* [Dataset extract]
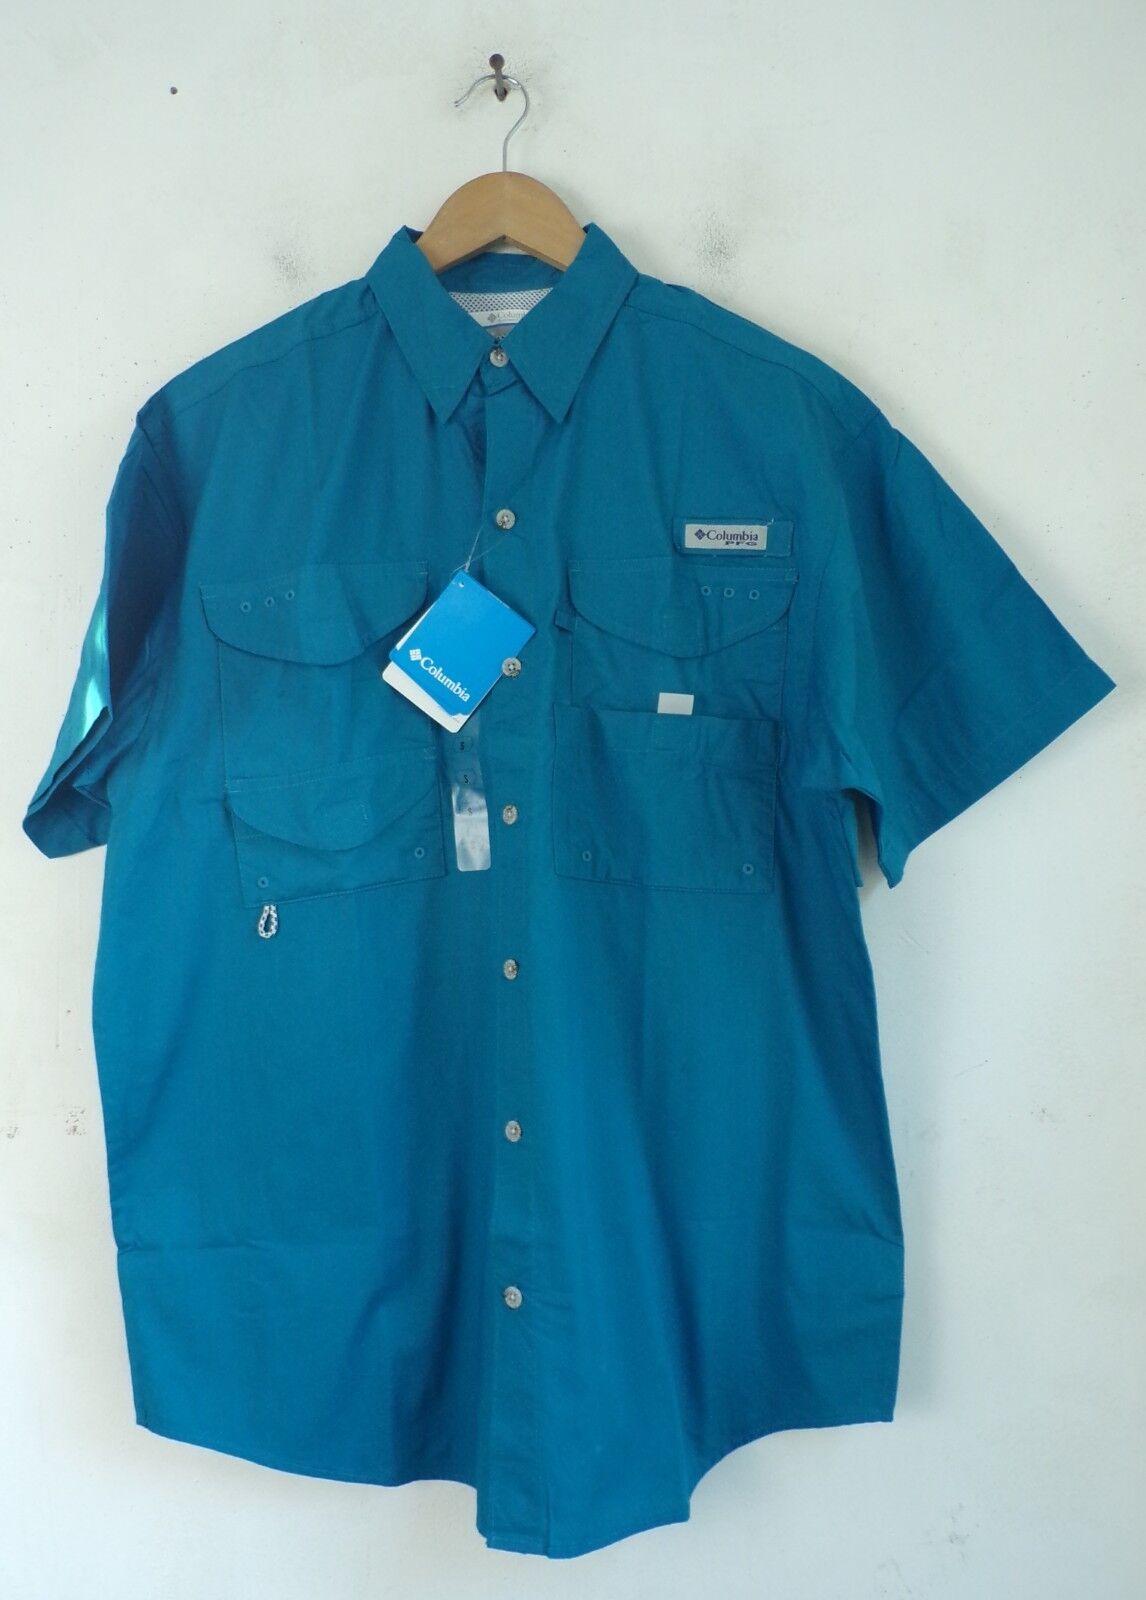 NWT COLUMBIA Mens Small Teal Performance Fishing Gear Short Sleeve Shirt
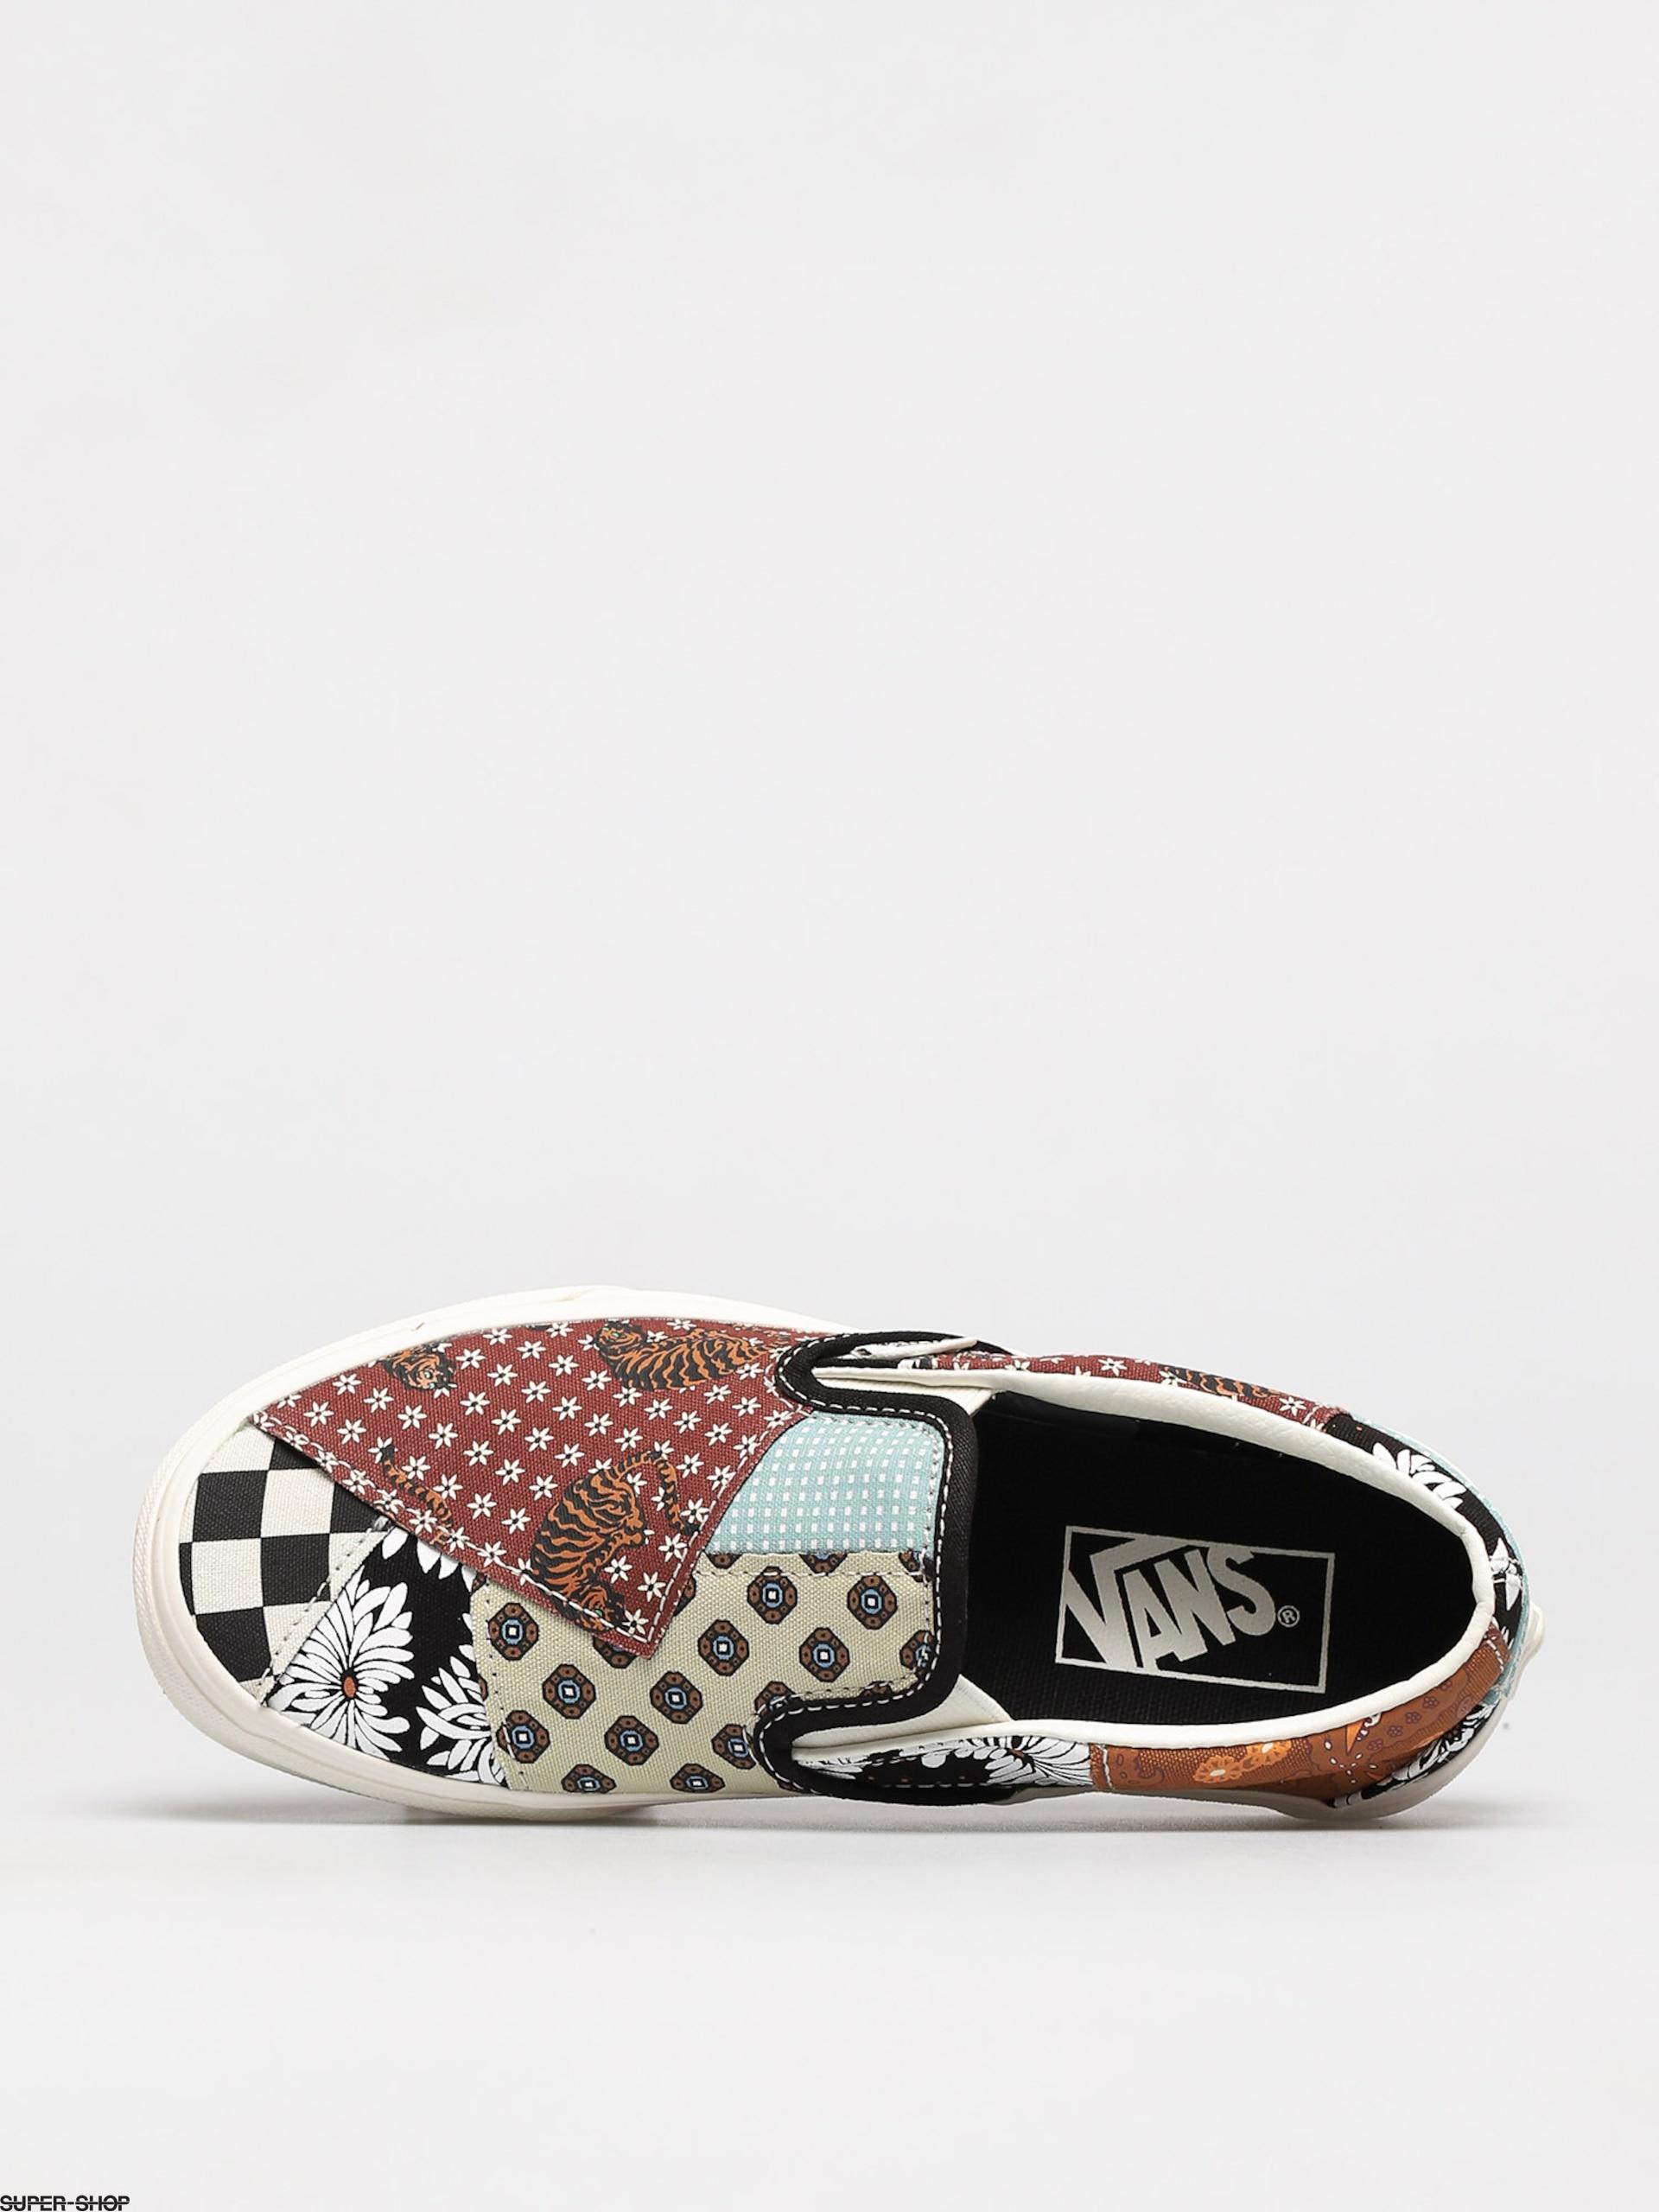 Vans Classic Slip On Shoes Tiger Patchwork Blktrwht
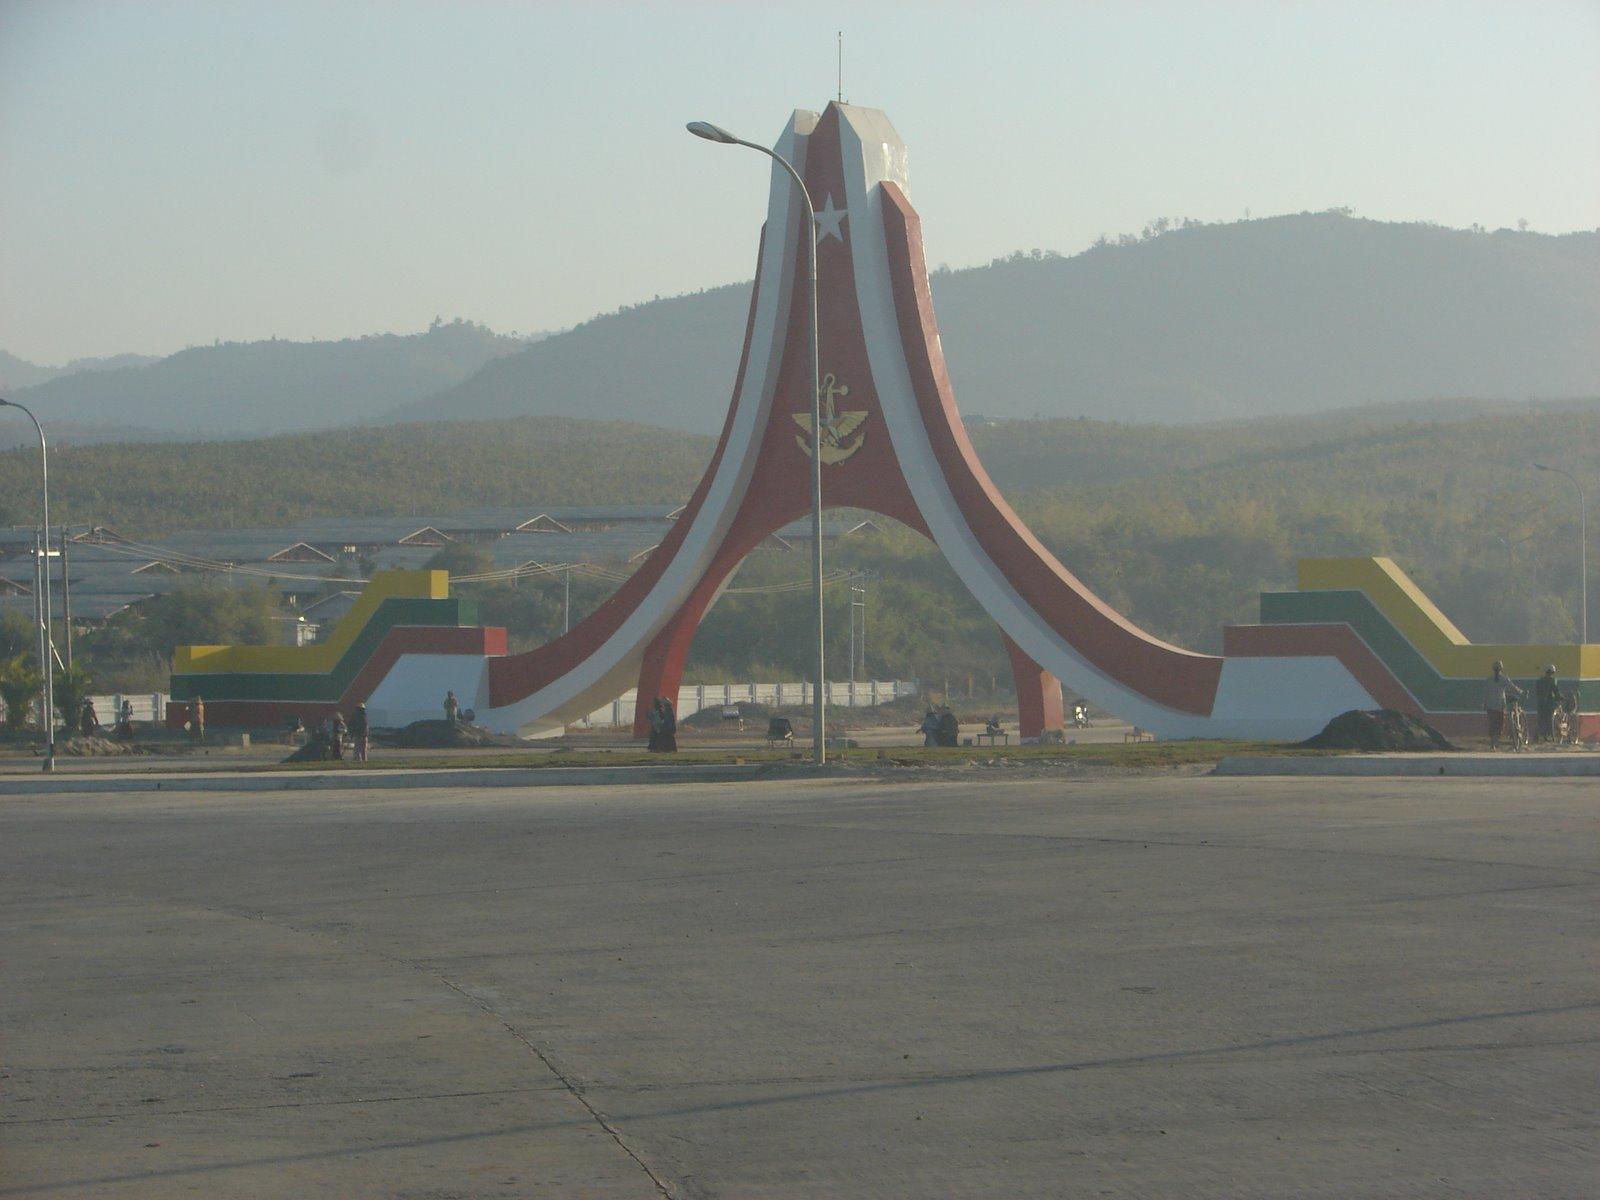 [Myanmar-Napyitaw-Jan+2006+023+--+Ceremonial+gate+at+the+entrance+of+Naypyitaw]

* [What you will do] All that belongs in the answer is the exact run of lines from the line containing "Vans Classic Slip" to the end of the listing above, pictures removed.

* [Problem solution]
 Vans Classic Slip On Shoes Tiger Patchwork Blktrwht
 [Myanmar-Napyitaw-Jan+2006+023+--+Ceremonial+gate+at+the+entrance+of+Naypyitaw]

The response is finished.